La persona che mi aveva liberata si irrigidì quando mi ci aggrappai con tutta

me stessa. Spinsi la fronte contro quel polso, tremando e stringendo gli

occhi.

«Sarò brava… Sarò brava… Sarò brava…»

Tutti mi guardarono senza fiato.

La mano che stavo stringendo si chiuse a pugno e io pregai che non mi

lasciasse. Solo quando schiusi le palpebre, qualche attimo dopo, mi accorsi

a chi apparteneva.

Rigel alzò gli occhi da me e serrò la mandibola. Piantò le pupille sugli

sguardi di Dalma e Asia - e di un uomo che non avevo mai visto - e con

timbro lapidario sibilò: «Fuori».

Ci fu un lungo istante di silenzio ma non alzai gli occhi. Dopo un po’

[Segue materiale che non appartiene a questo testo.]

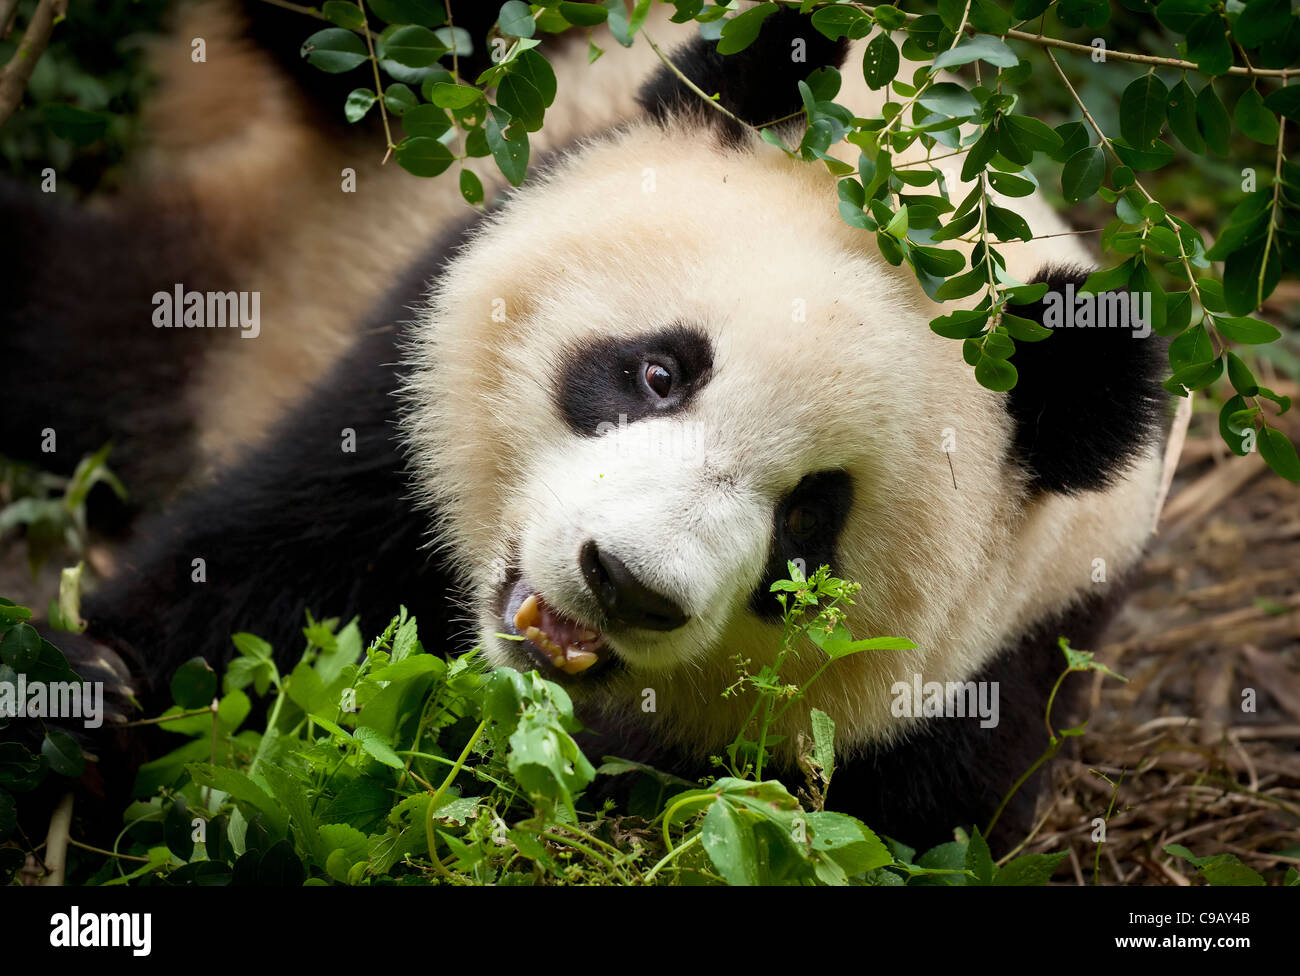 Le Panda Géant, Ailuropoda melanoleuca Panda et centre de recherche de reproduction, Chengdu, Chine République populaire de Chine, l'Asie Banque D'Images

sentii il rumore dei loro passi, quando lentamente uscirono.

Anna mi si avvicinò.

«Nica…»

Il suo palmo si posò sul mio viso. Ne sentii il calore sulla guancia. Era il

mio letto quello, era la mia camera. Non ero più al Grave. Realizzai che ciò

che mi aveva trattenuta prima erano solo le coperte che qualcuno mi aveva

rimboccato troppo strette.

Non c’erano cinture né maglie di metallo.

«Nica,» sussurrò Anna con voce disperata, «va tutto bene…»

Il materasso si abbassò sotto il suo peso, ma io non riuscii a lasciare il

polso di Rigel. Lo strinsi finché le dita di Anna non scivolarono

delicatamente dentro le mie e non mi convinsero a mollare la presa.

Mi carezzò piano la testa, e io sentii i passi di Rigel allontanarsi: quando

alzai gli occhi per cercarlo vidi solo la porta della stanza che si chiudeva.

«C’è un dottore di là.» Anna mi guardò scossa. «L’abbiamo fatto venire

non appena sei arrivata a casa… Vorrei che ti visitasse. Potresti avere due

linee di febbre e sentire qualche capogiro… Ti ho cambiato i vestiti, ma

forse hai ancora freddo…»

«Mi dispiace», la interruppi in un sussurro spento.

Anna smise di parlare. Mi guardò a labbra socchiuse e io non riuscii a

sostenere i suoi occhi.

Mi sentivo vuota, rotta e difettosa. Mi sentivo distrutta.

«Avrei voluto essere perfetta», confessai. «Per te. Per Norman.»